Mobile Robotics Research, Part 3: Support Future Research!

Cyrus Tabrizi, 5/10/14
Author's Note: This article is the last installment of a three-part series. For further background, check out The Intro and The Robot, or email me! If you've already read "The Intro," this article will provide further details regarding my plans to support future research!

      For the past year, I've been working on a smart 3D–printed drivetrain design that will allow robots to do more around the house and out. Since I'm graduating from Thomas Jefferson High School this June, I'll have to leave all my work behind for future students there. To continue the work I've completed over the past year and create a finished and refined robot that people can use and develop upon, I will need to raise the funds needed to start from scratch again. For now, I am doing this through strategic partnerships and donations (both monetary and in the form of tools and resources).

Let's pretend I was being interviewed:

What are you doing?
      I'm developing an affordable and effective multipurpose robot that people can use in their homes and in the outdoors.

How will it work?
      The main part of the robot is its intelligent and highly–capable drivetrain—it allows the robot to go up stairs and take it places and achieve maneuvers not capable by most similarly–sized robots. On top of that drivetrain is a platform for the attachment of different onboard modules. These modules are each tailored to a specific application and extend special abilities to the robot.
      I will also be working on a base or "home" for the robot that will provide automatic recharging and loading/unloading of onboard modules.
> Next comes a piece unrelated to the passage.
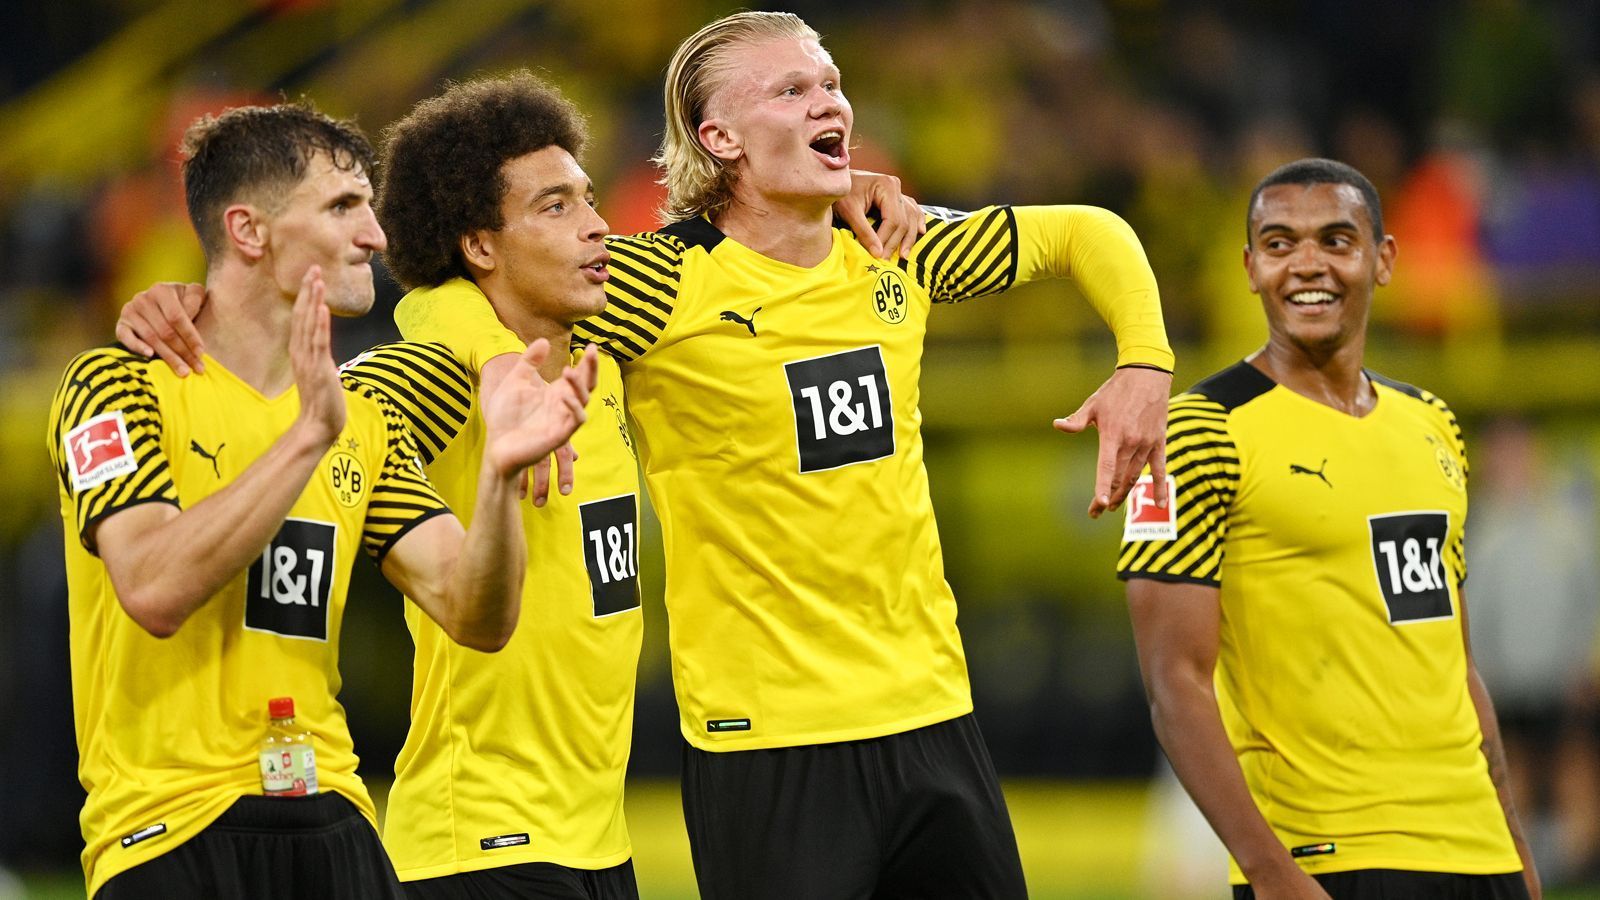 
                <strong>Platz 18 - Borussia Dortmund (Deutschland)</strong><br>
                Gesamte Ablösesumme für den aktuellen Kader: 346 Millionen Euro

How are you planning to reach that goal?
      I love working with people so right now I am accepting donations of any kind and am looking to partner with any party interested in sponsoring my work!

Why do you do what you do?
      I've been building and designing mechanisms all my life (I'm currently 18) and love seeing technology change our lives for the better. For me, creating new things and engineering new solutions is not just a passion—it's a way of living.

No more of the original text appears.